The political aspirations of the Slovenes were suppressed by Baron Alexander von Bach's absolutism in 1851, and Slovene national awakening was moved back to an almost purely the cultural field. The programme of United Slovenia, however, remained the common political programme of all currents within the Slovene national movement until World War I. and was gaining power in the period of tabori between 1868–1871. After the First World War and dissolution of Austria-Hungary, it was partially replaced by the idea of integration with other South Slavs in the common country of Yugoslavia.

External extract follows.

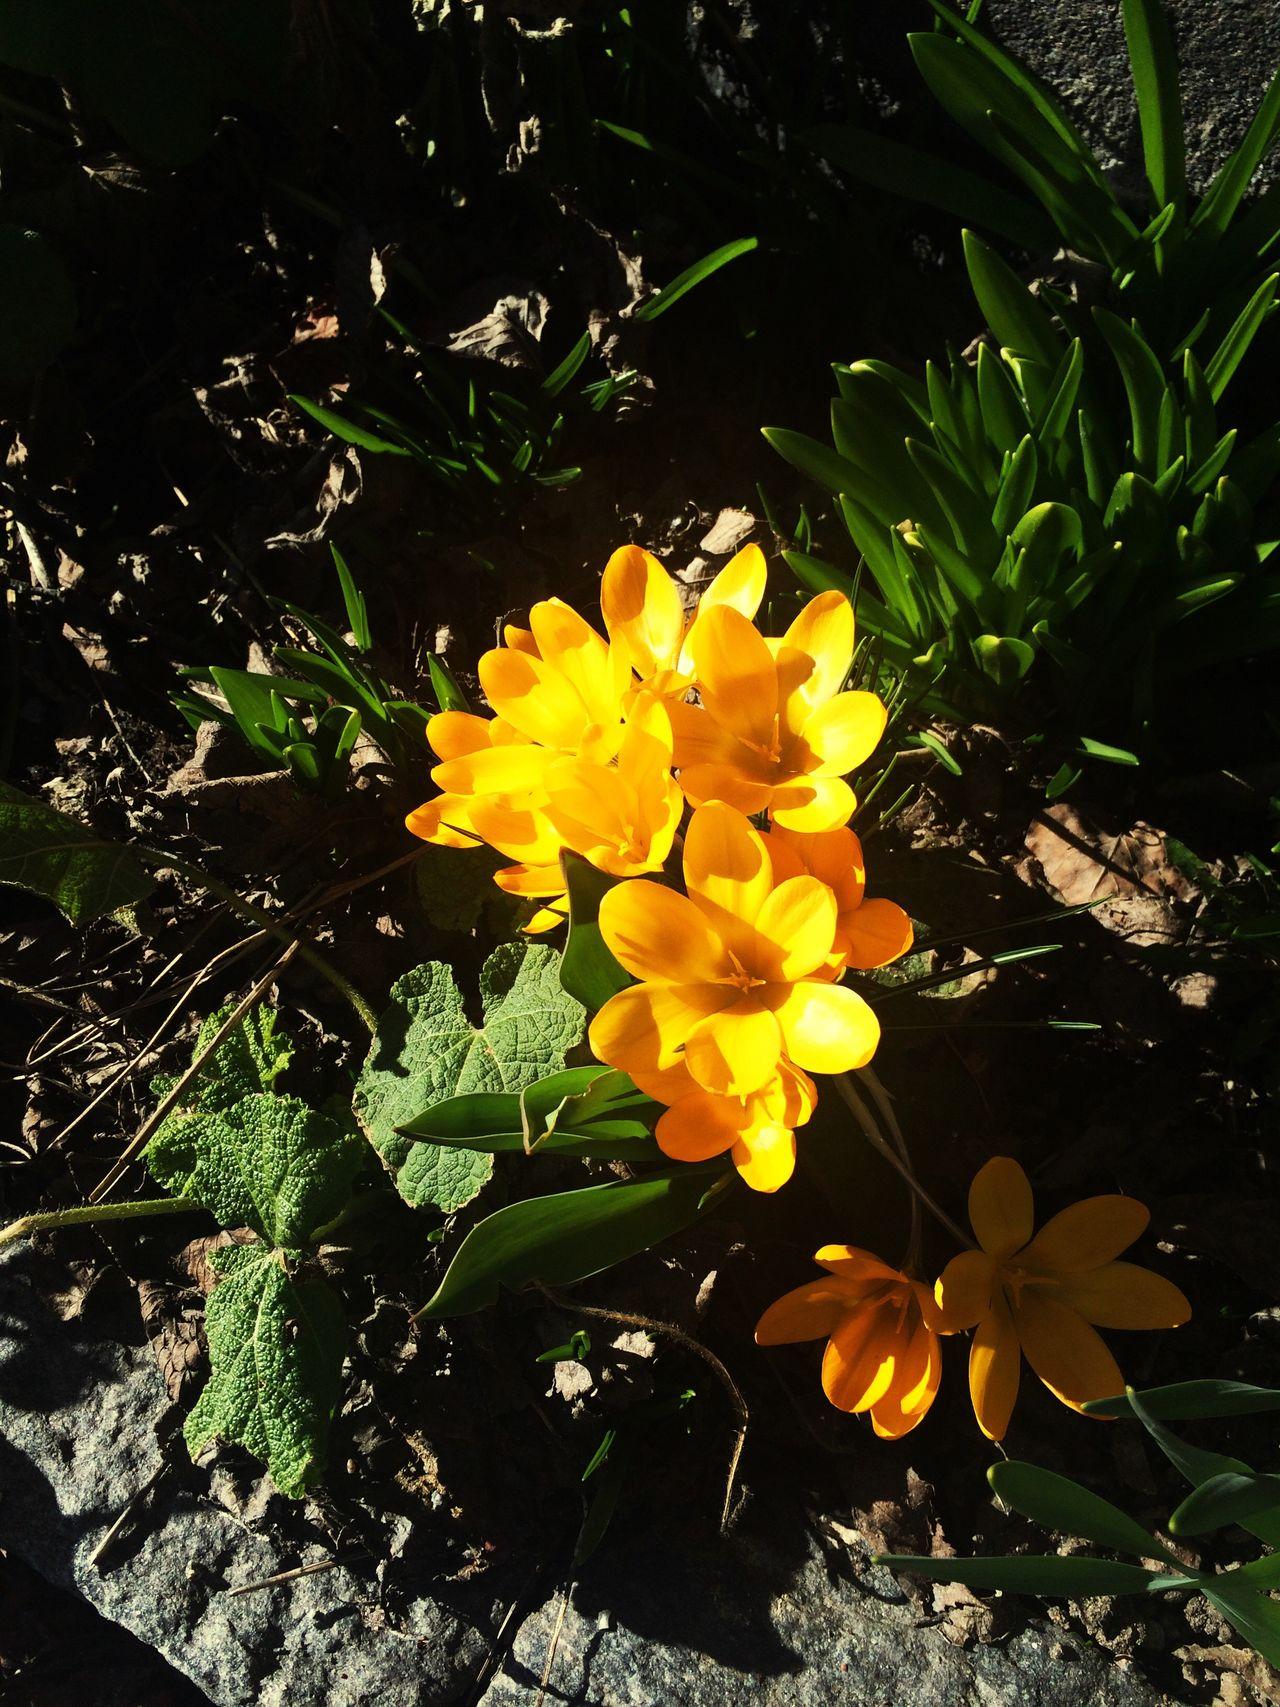 Flower Nature Fragility Plant Beauty In Nature Growth Yellow Outdoors Blooming Krokus Springtime Spring Flowers Spring Is Coming  Spring Is In The Air EyeEm Gallery EyeEmFlower

After the collapse of the Austro-Hungarian Empire in October 1918, and the subsequent creation of first the State of Slovenes, Croats and Serbs and then the Kingdom of Serbs, Croats and Slovenes, a significant number of Slovenes, mostly in the Julian March and Carinthia, remained outside the country. Therefore, the programme of United Slovenia remained very much present in the political and intellectual debates of the interwar period. In April 1941, it was incorporated in the manifesto of the Liberation Front of the Slovenian People. After the annexation of the Slovenian Littoral to Yugoslavia in 1947 and the partition of the Free Territory of Trieste between Italy and Yugoslavia in 1954, the main demand of the United Slovenia programme – the unification of the majority of Slovene Lands into a unified and autonomous political-administrative entity – saw its fulfillment.

Pošta Slovenije issued a stamp on the occasion of 150th anniversary of the United Slovenia movement.